3. Don’t try to be right or make the other person wrong. You are simply receiving data. The last thing you want to do is get into an argument or let your emotions get out of control. If you feel this happening, take some deep breaths, do your best to relax, and recognize the feelings are temporary, and give yourself the time you need to ensure you respond appropriately.
4. Direct the advice in a way that serves you, again, without getting defensive or emotional. A great way to be prepared and respond appropriately is to have a few questions ready for your manager.

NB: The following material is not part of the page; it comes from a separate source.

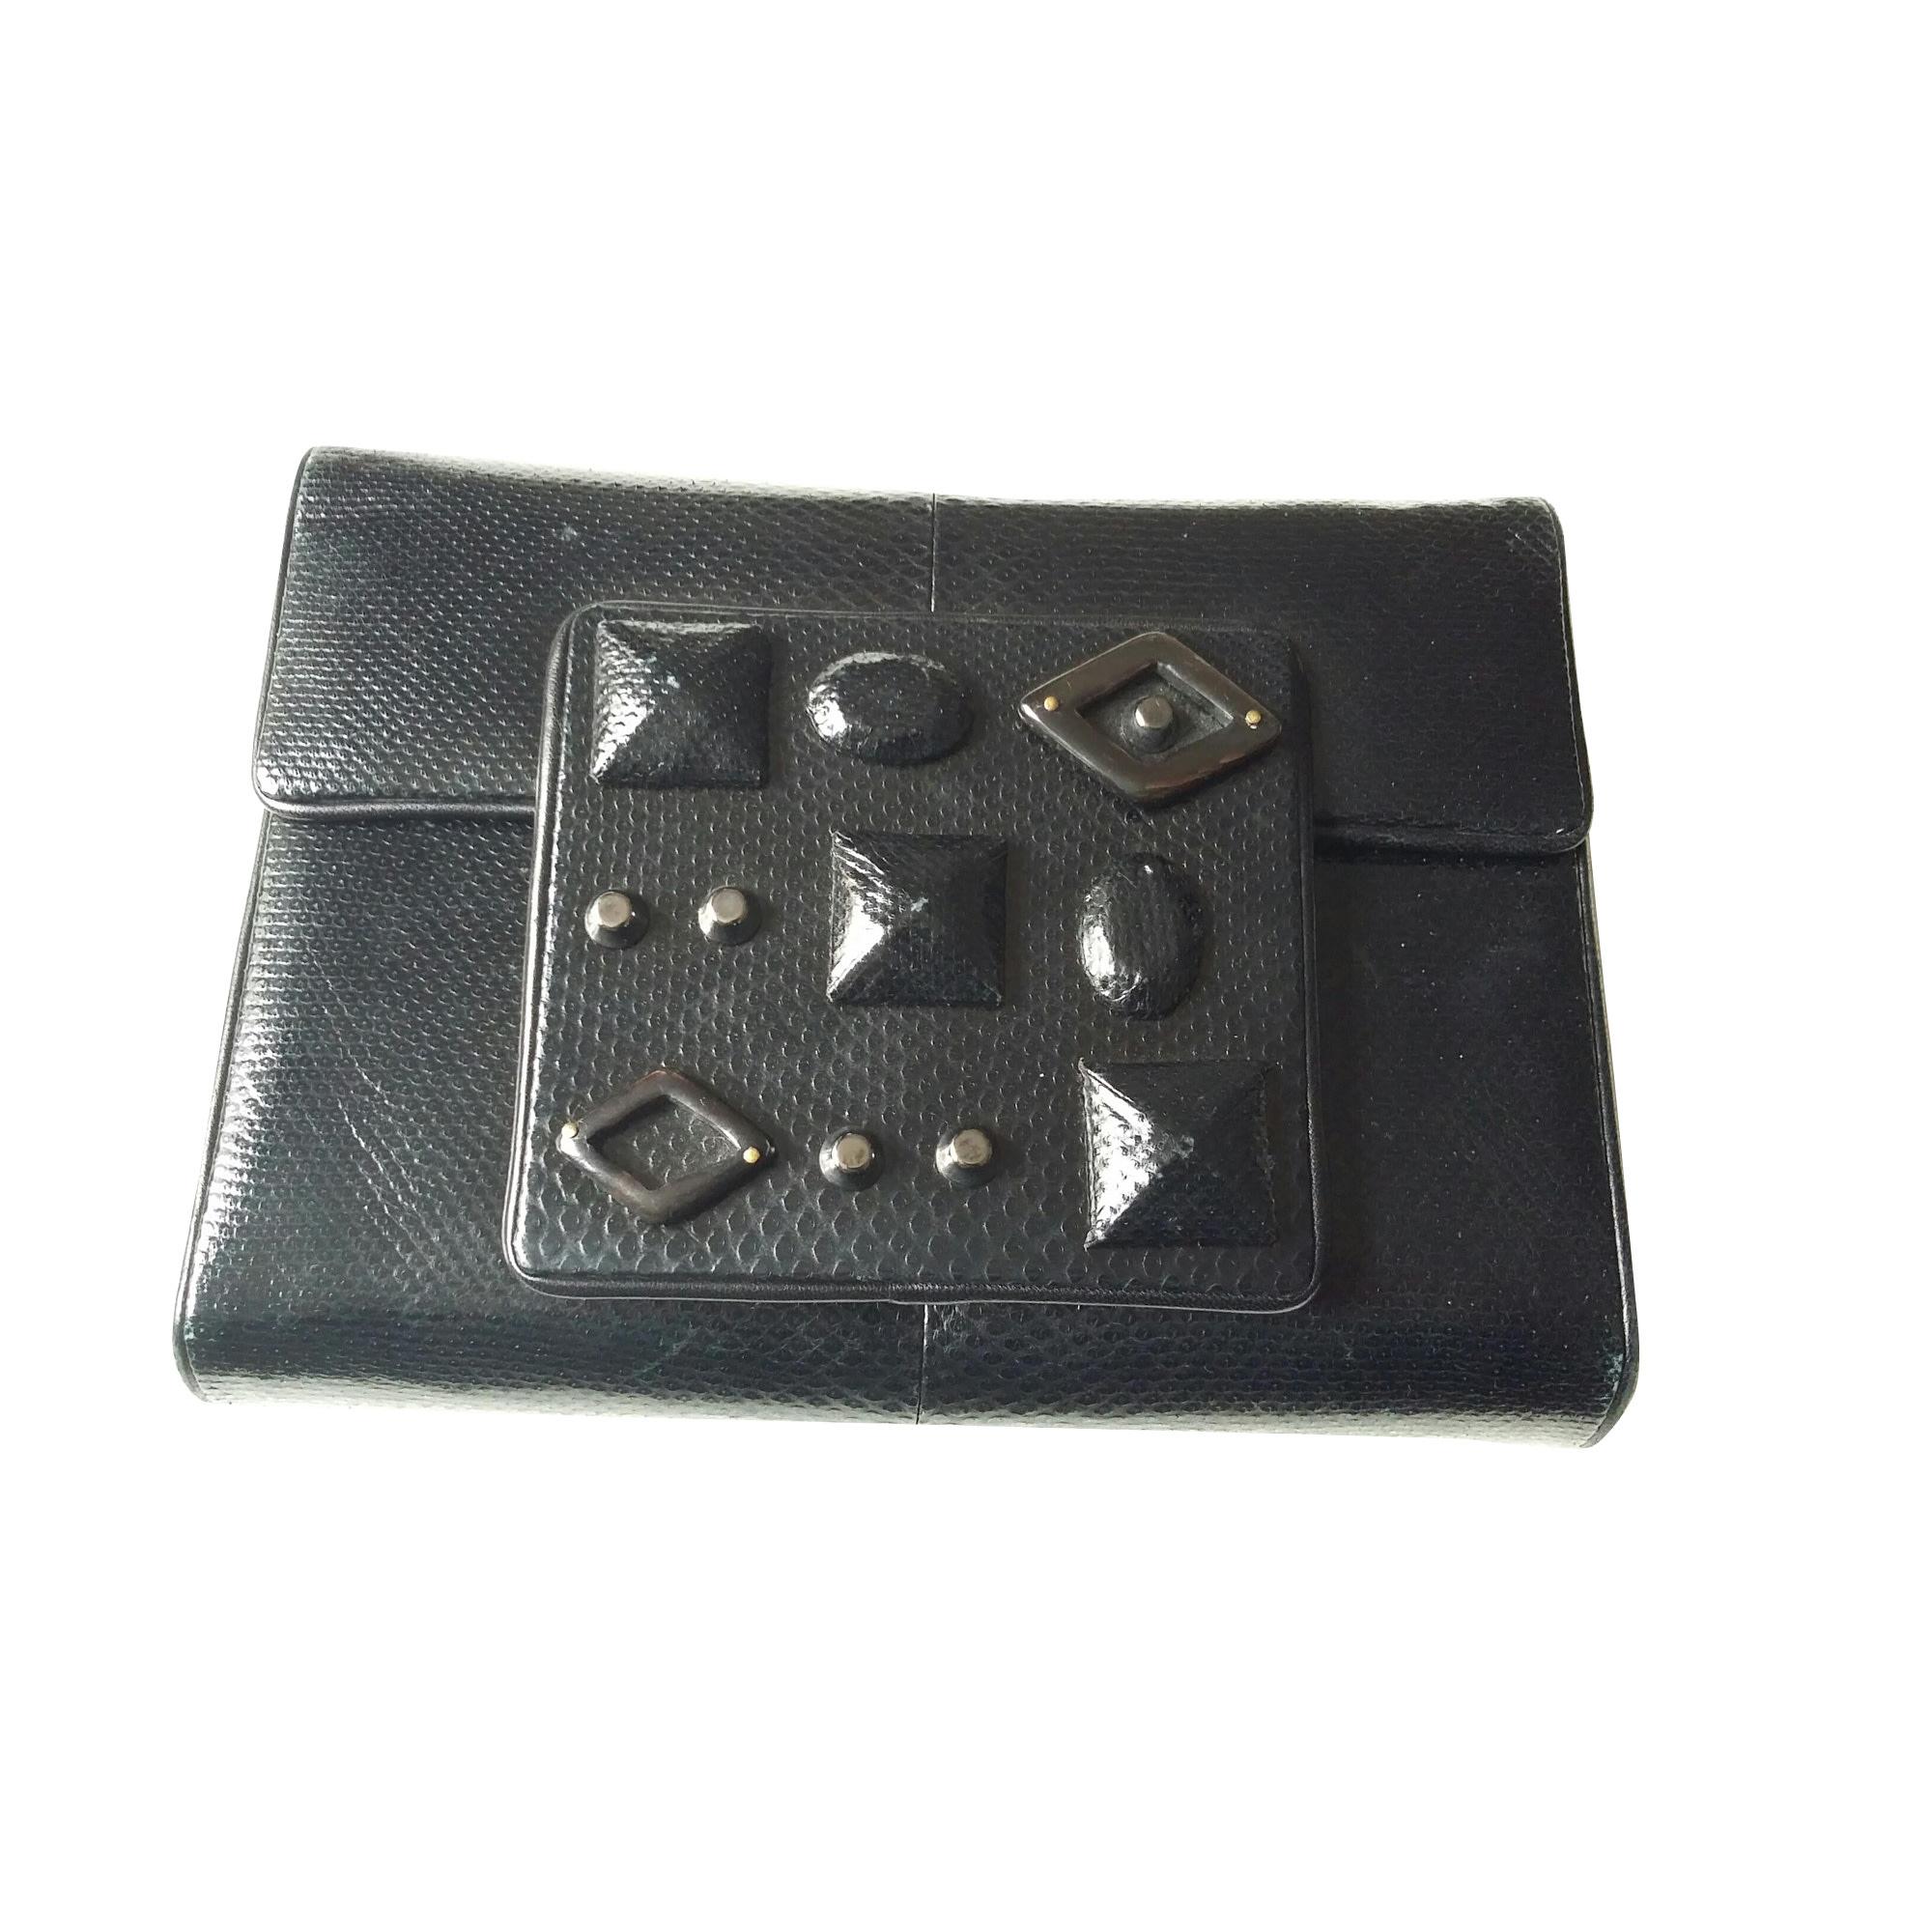 Pochette APOSTROPHE cuir irisé noir

a. Ask for examples. If examples help you understand what the other person is trying to tell you, then ask. But be prepared not to debate or argue. In this case, you are trying to find specific behaviors, attitudes, and metrics to help you be more successful.
b. Ask for advice about specific behaviors, attitudes, or alternatives they would like to see instead of what they are seeing.
5. Make amends for past issues. Where appropriate, it makes sense to apologize and commit to being
6. Thank them for the advice. Let them know that their feedback is valuable, but be sincere. Remember, feedback is a gift, and the value of that gift could be the key to succeeding in your career.
7. After the meeting, it is up to you to ask yourself: Was the advice accurate? Was it valuable? Will I do anything about it?
You are in control of your career, and not every piece of feedback will get you heading in the direction you want to go. For example, if your manager provides you advice that people do not feel like you listen to them, that doesn’t mean you need to stop talking. Maybe the reflection here is that you simply need to show a bit more patience. Only you can decide how to use the feedback.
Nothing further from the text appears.